On Mon, Jul 21, 2025 at 11:14 AM Dev iL <gid....@gmail.com> wrote:

> The below is a more organized writeup of a suggestion I once shared on
> Slack. I figured it should be documented and discussed here as well. I am
> currently developing something equivalent using a short-circuit operator,
> but it would be nice for this to be a built-in functionality. An
> illustration of the proposed behavior compared to ANY and ALL is provided
> as code as well as a rendered image.
>
> Please let me know: 1) what you think; 2) whether this fits into the
> bigger vision of Asset-based triggering; and 3) would you be willing to
> participate in the implementation of this feature.
>
> So without further ado....
>
> --------------------------------------------------
> A "freshness" check is a condition applied to asset updates of multiple
> URIs to determine if they're sufficiently new in the context of each other.
> Freshness can be used to define temporal constraints between Assets that
> are updated at different frequencies. As a result, a freshness check
> results in a behavior that's intermediate between AssetAny and AssetAll:
>
>    - The check is triggered when ANY of the assets is updated.

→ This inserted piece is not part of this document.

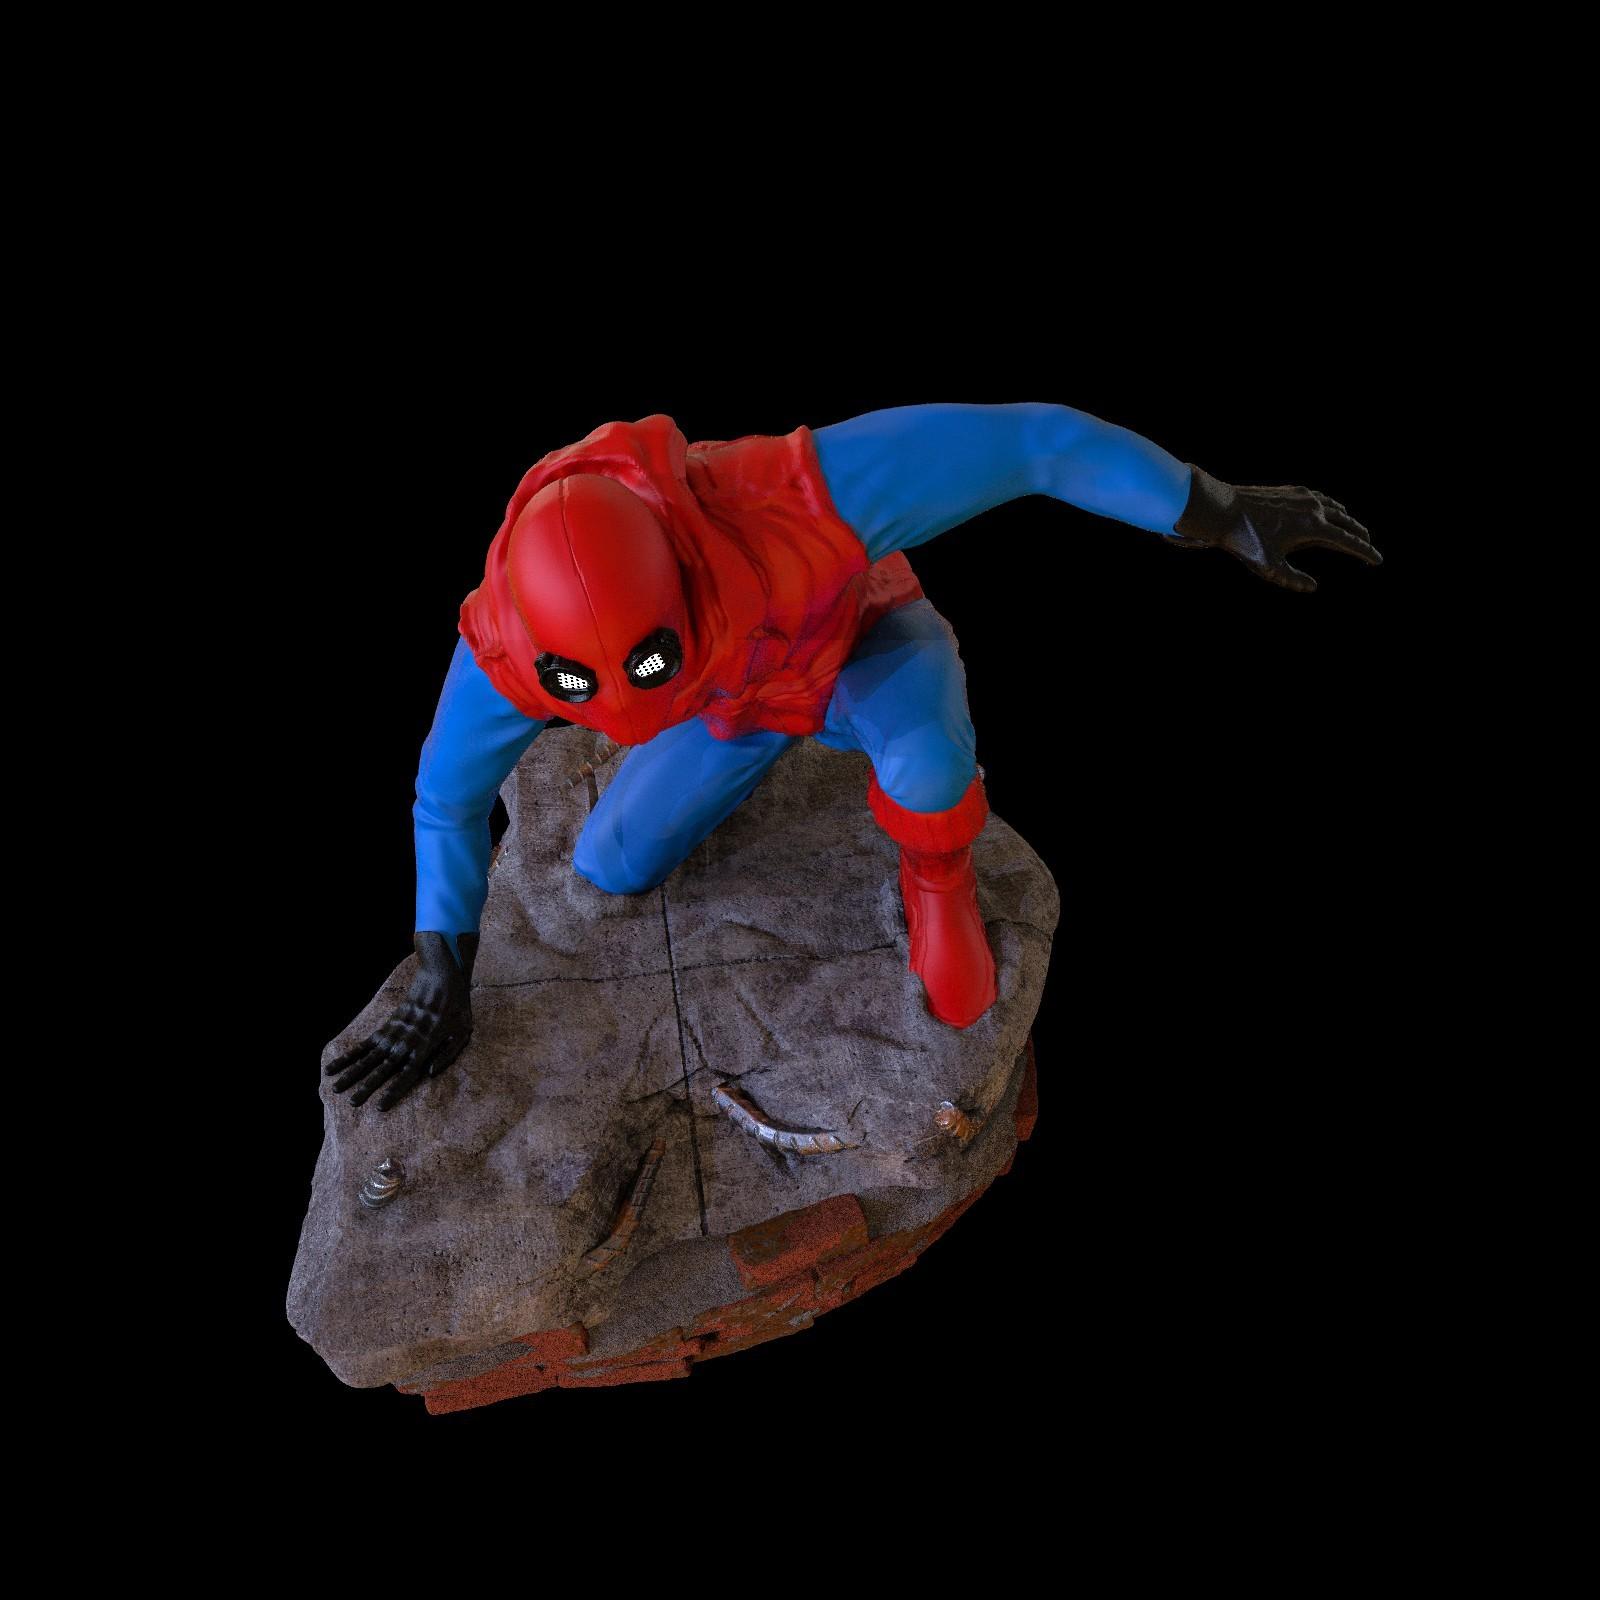 19.jpg Download STL file Spider-Man Homemade Suit • Design to 3D print, tolgaaxu

>    - The check is satisfied when ALL of the assets are *sufficiently* new
>    ("fresh").
>
>
> ```none
> Illustration (+ represents a trigger, | represents an interval boundary):
>
>             Intrvl 1  Intrvl 2  Intrvl 3  Intrvl 4
> Asset A: |----1----|--2------|------3--|----------|
> Asset B: |---a--b--|---c--d--|--e-f----|---------g|
> All:     |----+-------+-------------+-------------|  Times triggered: 3
> Any:     |---++-+-----++--+-----+-+-+------------+|  Times triggered: 10
> Fresh:   |----+-+--|---+--+--|------+--|----------|  Times triggered: 5
> ```
>
> Thus, within each interval, freshness initially behaves like ALL, but
> "becomes" ANY after the condition is met.
>
> Claude was easily able to suggest potential use cases:
>
>    - Data Drift Detection: Comparing week-old predictions against fresh
>    labels (or vice versa) produces misleading drift calculations.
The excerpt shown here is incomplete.